Very useful clip, and thank you. Recently read two books by Peter Hessler – River Town and Country Driving. They give excellent insights into many cultural aspects of Chines life, recent past and current. I want to suggest that Country Driving may provide you with another approach /angle to presenting China to the Western mind. (Didn’t enjoy your ‘solo’ trip through Europe and the Middle East. Loved all your travels around your own country, where your spontaneous natural interaction makes for refreshing, informative and delightful viewing 🤩).
Ascertain that a hotel you want to stay at will accept foreigners. All hotels are required to register their guests details with the local police station. Many hotels cannot accept foreign passport holders. Sorry even with cheap chain hotels like “Super 8” or “7 Days”, not all branches will accept foreigners. Even hotel staff cannot be expected to speak English. Most cannot. They cost about RMB 200/USD 29 per night.
I loved your clip and i want to visit your contry for a months or maybe two. What is the best months to visit bejing regarding beuty of the nature and low tourist season? I will travel around China. What cities or areas do u recommend to visit. Will people stare at me because im 6 feet tall, have dark blue eyes and blonde?
Hi! So sorry to trouble you 🫣 but I’m planning to visit Shanghai & suzhou some time in June this year. Heard that after covid, tourists are required to prebook tickets/indicate their intention to visit certain local attractions (7 days in advance?). Just wanted to ask where this is done (app/website)? 😅 heard that many foreigners have issues filling up the relevant pages due to restrictions on input…
Hi I am from the UK and would like to spend a month in China. I am not sure what parts of China I shall be visiting. Can I put on the online visa form arriving in Beijing and flying out from Beijing? and still visit other parts of China like Shanghai, Lhasa etc. I would like to be flexible in where I will be going and not 100% sure what airport I shall use when leaving China to Japan. Any advice would be appreciated.
What happened to the black taxi people at airports? The first few times I traveled there around 2017 they were everywhere inside arrival outside airport even standing next to the info booth.
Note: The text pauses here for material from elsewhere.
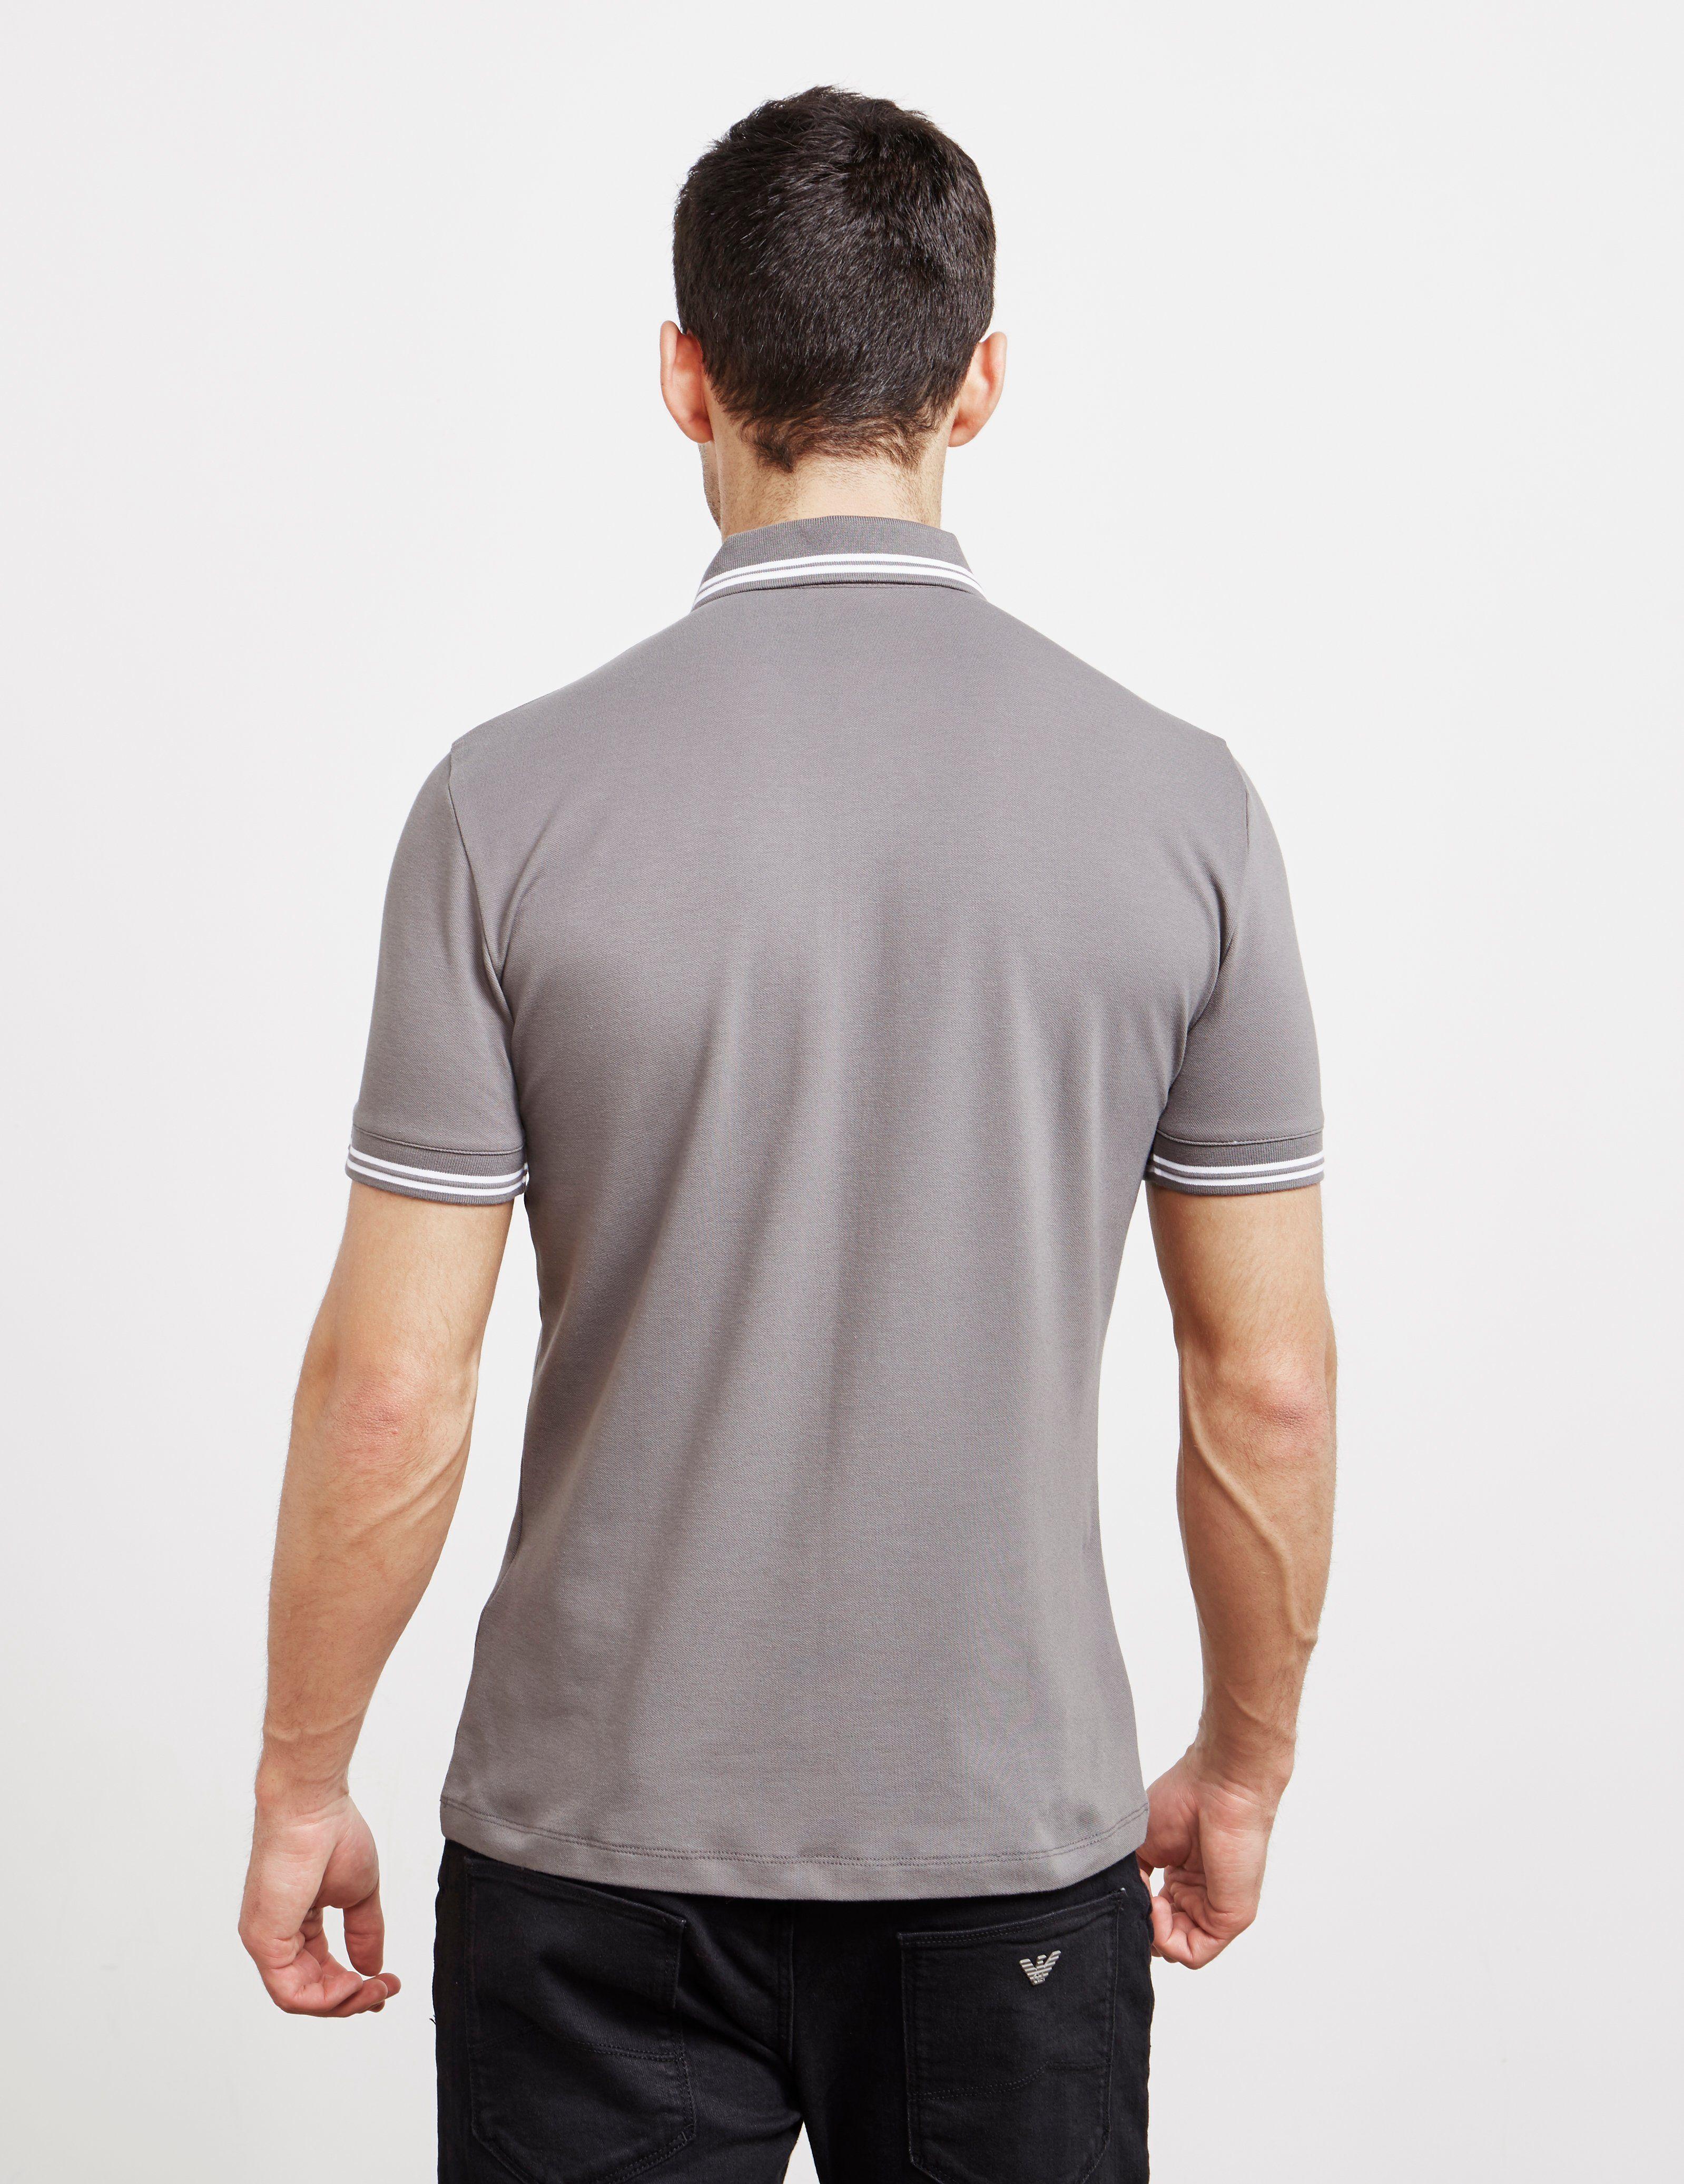 Emporio Armani Tipped Badge Short Sleeve Polo Shirt

By 2019 before covid I noticed they were all gone did they make a law to prohibit them by airports? They were a pain to get by they saw a tourist and they would all flock and follow you.
hello,thanks for the article.i have also a question about the wechat.i am in my county now and i am willing to go to china.i have my county phone number on wechat and i want to link my credit international card to wechat.won’t it be a problem? also,can i when arriving to china use that wechat account to pay for my train and also subway tickets .thank you so much .
Lets say I jumped on a plane tomorrow and came and then just “played it by ear” backpacking around, as a foreigner, would I be safe? allso, a hot question, does the average Chinese citizen really care whether the island of Taiwon is part of the China mainland or as I suspect, they couldn’t give a rats rear end about it, those “wet markets” would be very hard to walk through.